To stop the file uploaded call stopUpload()
. This will not stop the analysis of the data, or the download of results.
Telemetry
You can process the telemetry of the workflow in real time by utilizing instanceTelemetry$
which is an observable containing the JSON blobs from each workflow component in the chain. Changes in this data are received through polling, updated telemetry is only pulled down if a change has occurred though.
Output Data
Once data has passed through the workflow the client is notified of result data, which can then optionally be downloaded to the client. Setting the downloadMode
to data
or data+telemetry
will cause the output to be downloaded and written to disk. The progress of downloads can be observed using liveStates$
which is an observable that contains statistics about uploaded and downloaded files.
Stopping an Analysis
As analyses are designed to receive new data as it's being generated they do not have a classical "complete" state. They rather have a "analyzing" and "idle" state, once all the uploaded data has been processed they will sit idle waiting for more data. Once you are happy that all of your data has been processed you need to notify the system that you have finished and stop the analysis. You can remotely stop any running workflow from the EPI2ME agent and portal easily. Through the API you can either use the stopWorkflow
mutation to stop your workflow, or if you have instantiated an EPI2ME instance you can call stopAnalysis
.
Datasets
Each component in a workflow instance creates it's own "dataset". By default datasets are deleted within 24 hours of an analysis being stopped, but if you pass in the storeResults
flag when starting the workflow they will be persisted. Alternatively you can view the dataset on the EPI2ME portal while the analysis is being run and set specific datasets to be persisted.

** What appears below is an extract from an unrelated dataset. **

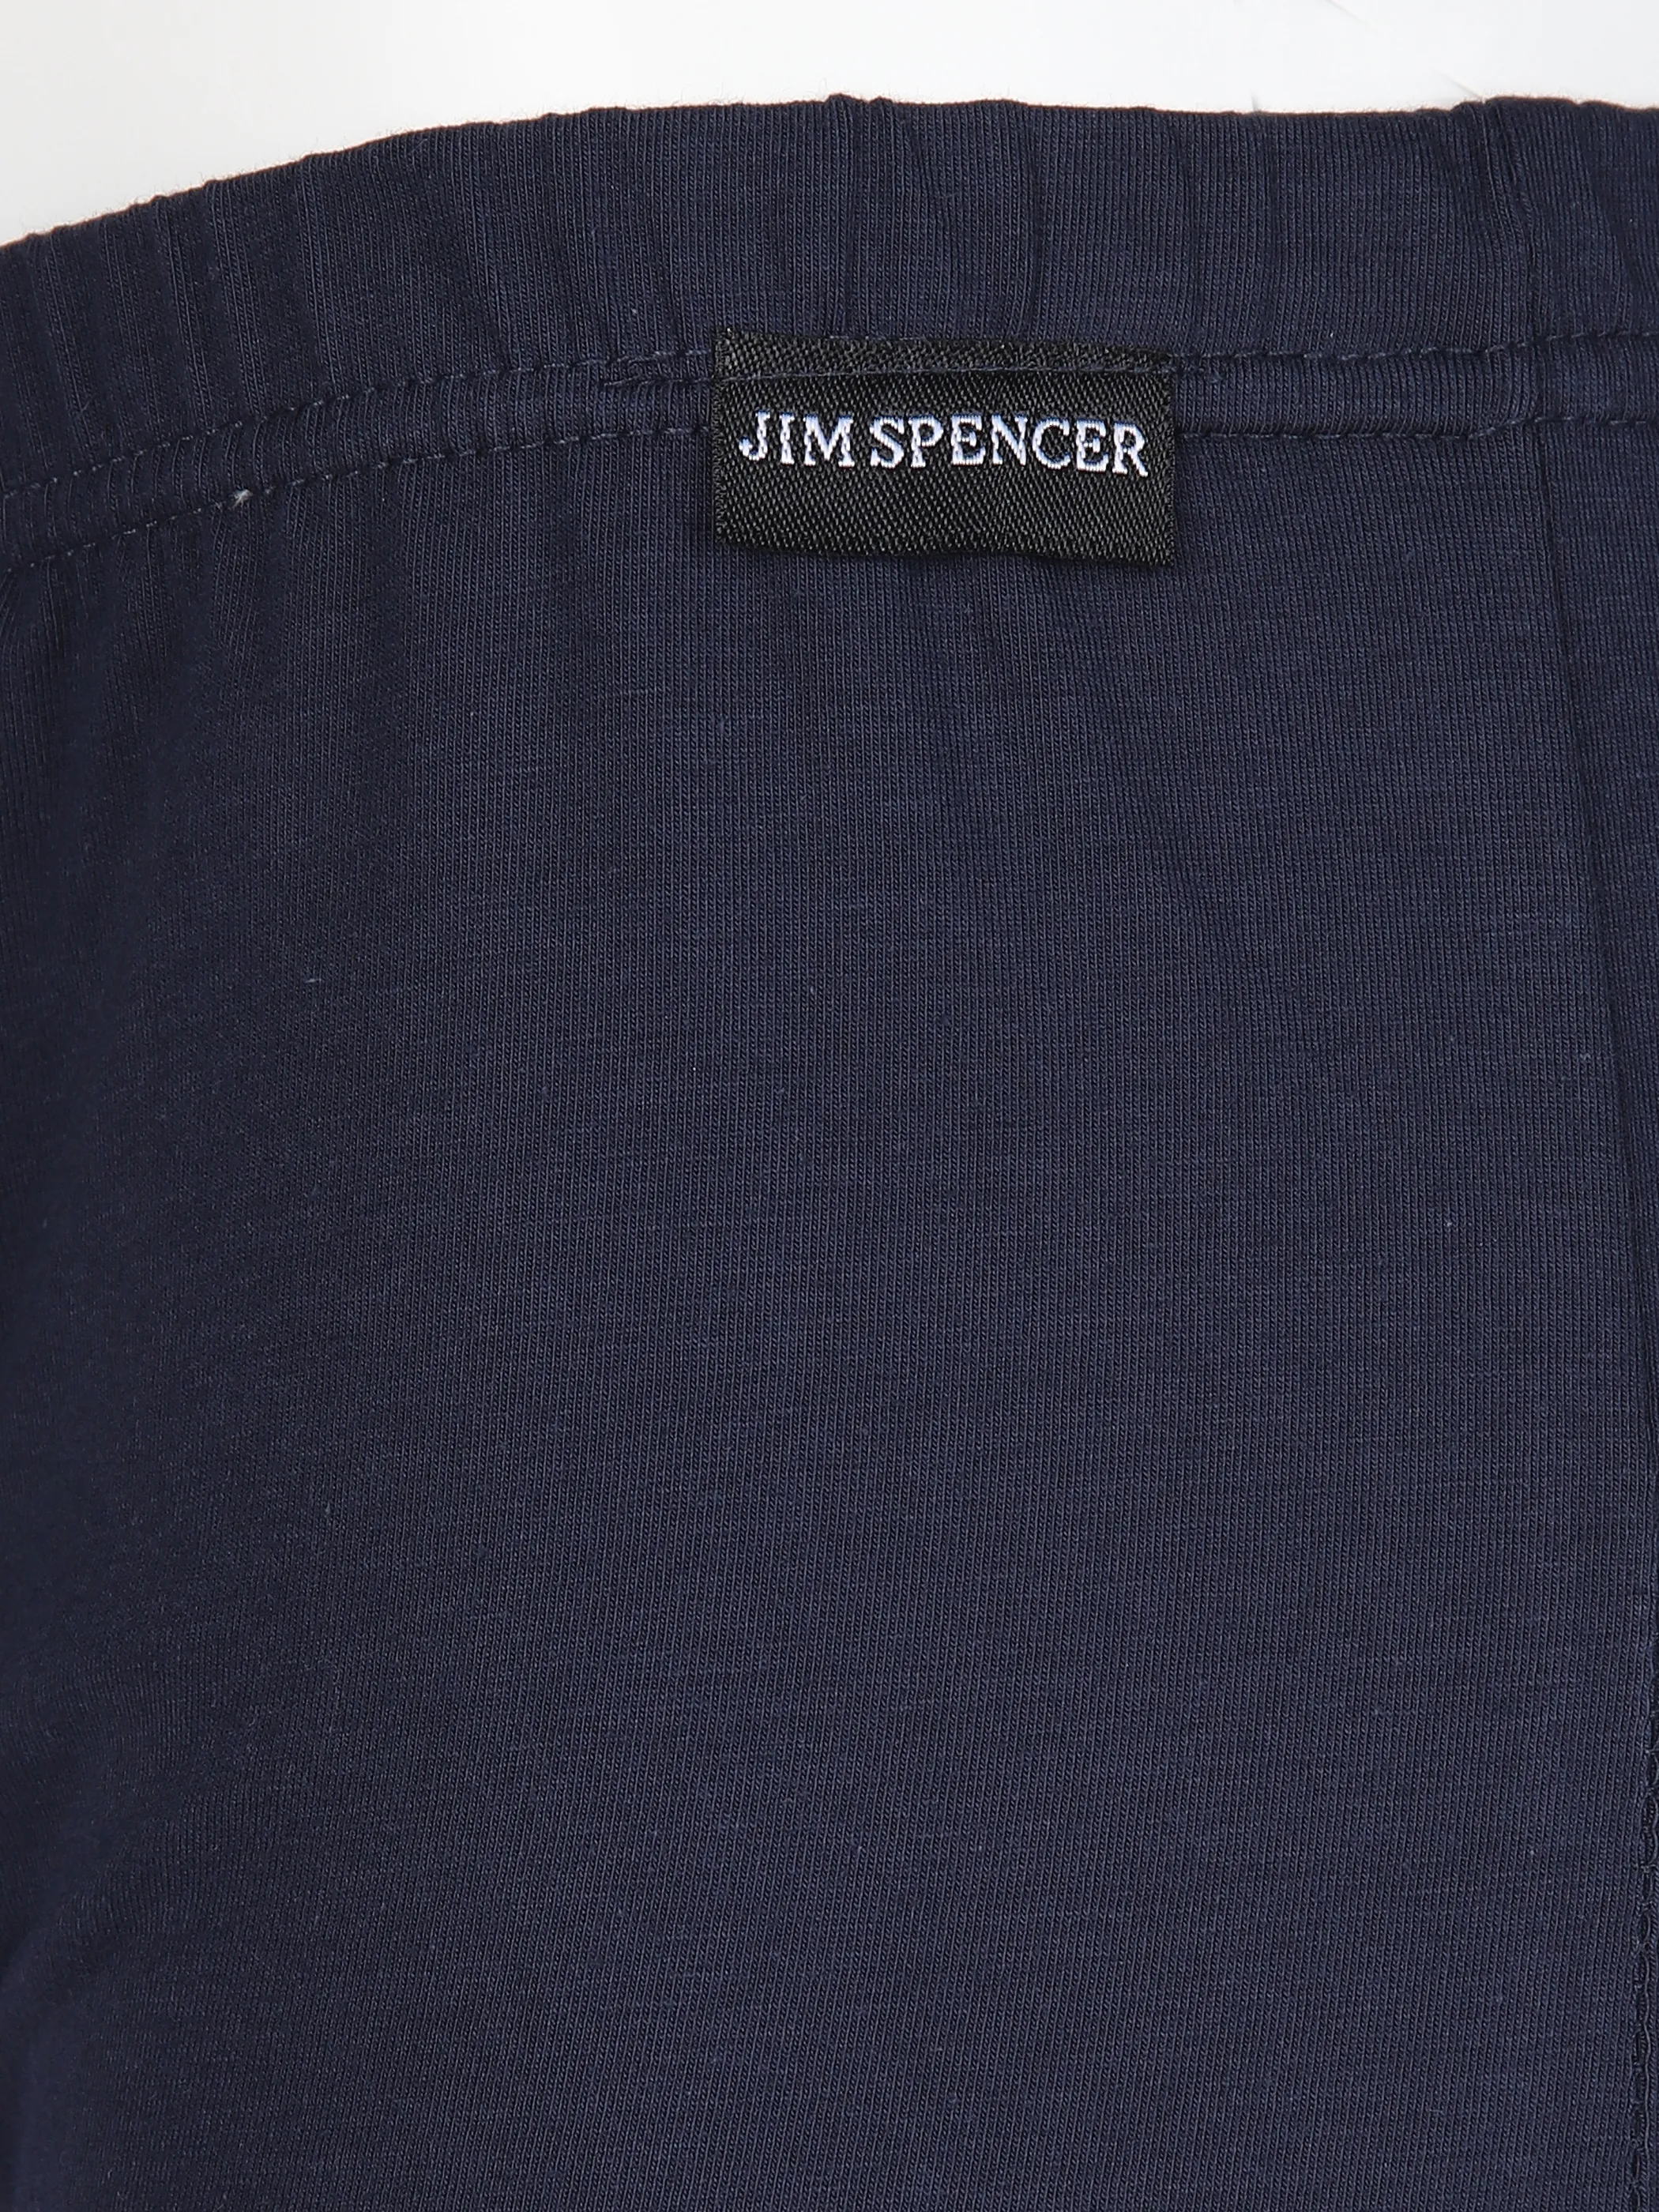 Jim Spencer He-Retro 2er Pack Blau 720079 018MARINE 3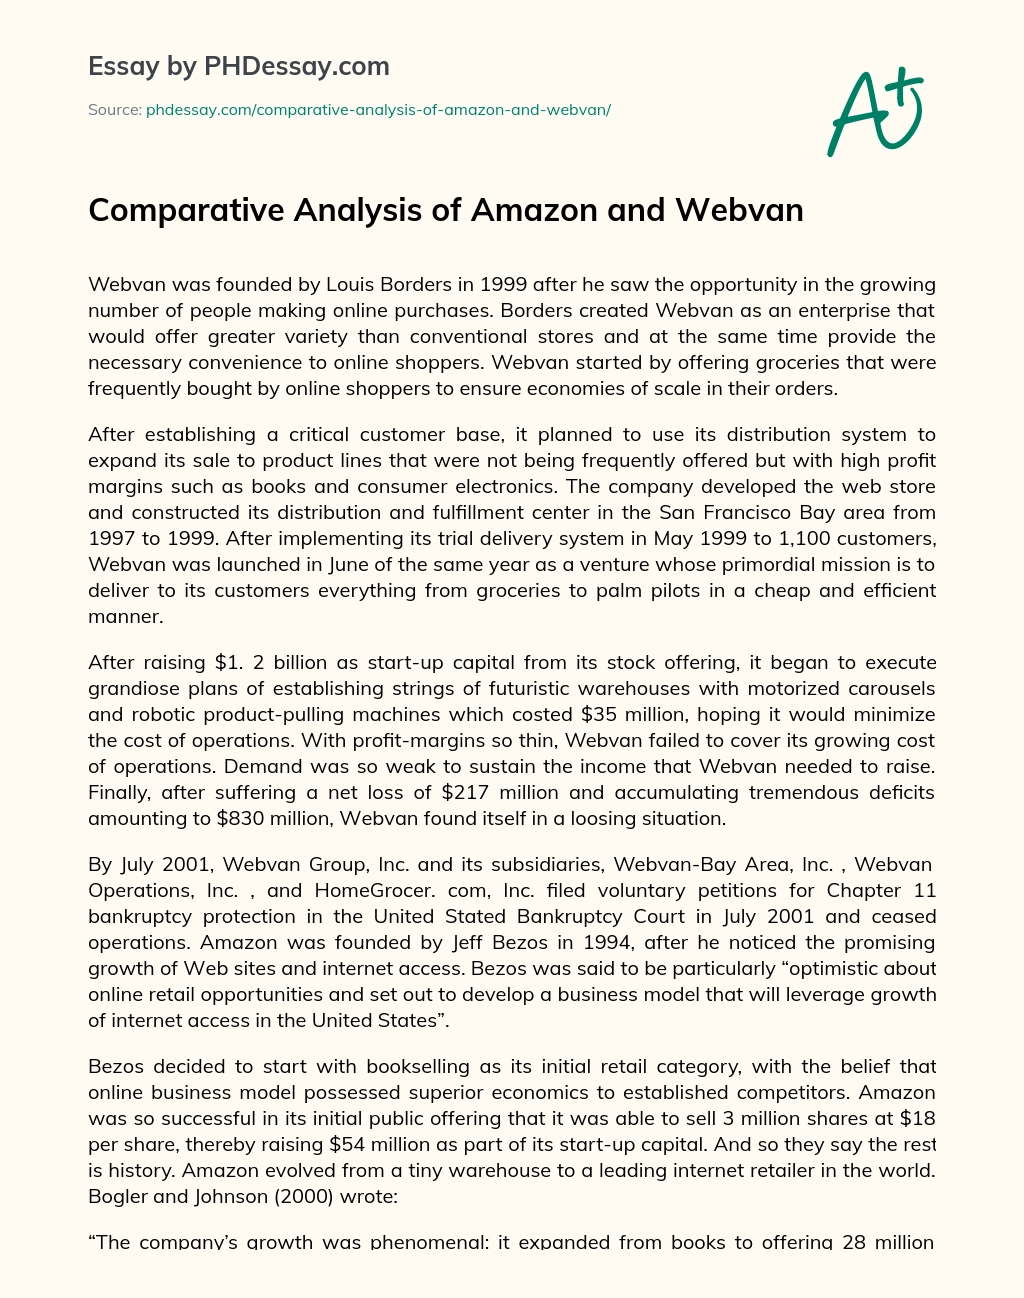 Comparative Analysis of Amazon and Webvan essay

Datasets give you the means to run a workflow from data which you have already uploaded and/or processed. EPI2ME will also keep track of the relationship between your datasets, so that you can easily track the source of particular data. You can also download a dataset at a later date.
You can start workflows from dataset using the start workflow mutation by specifying a dataset ID in it's parameters. It's also possible to start a workflow from a dataset using the EPI2ME portal and CLI.
Development
The EPI2ME API is under constant refinement based on the requirements and capabilities of the system. We are currently in the process of migrating from a REST based backend to a newer GraphQL one. For compatibility we are supporting both for the time being, but once internal projects have migrated away from the old REST API those components will be removed facilitating further simplification and improvement to this library.
Depreciation
We are depreciating the old REST api systems soon in favour of our GraphQL backend. These changes are reflected in the removal/replacement of these systems in our dev branch. Migration is intended to be feature complete, but there will be some slight change to how you access certain content. If it's not clear from the documentation please create an issue so that it can be correctly documented, or implemented if we missed something.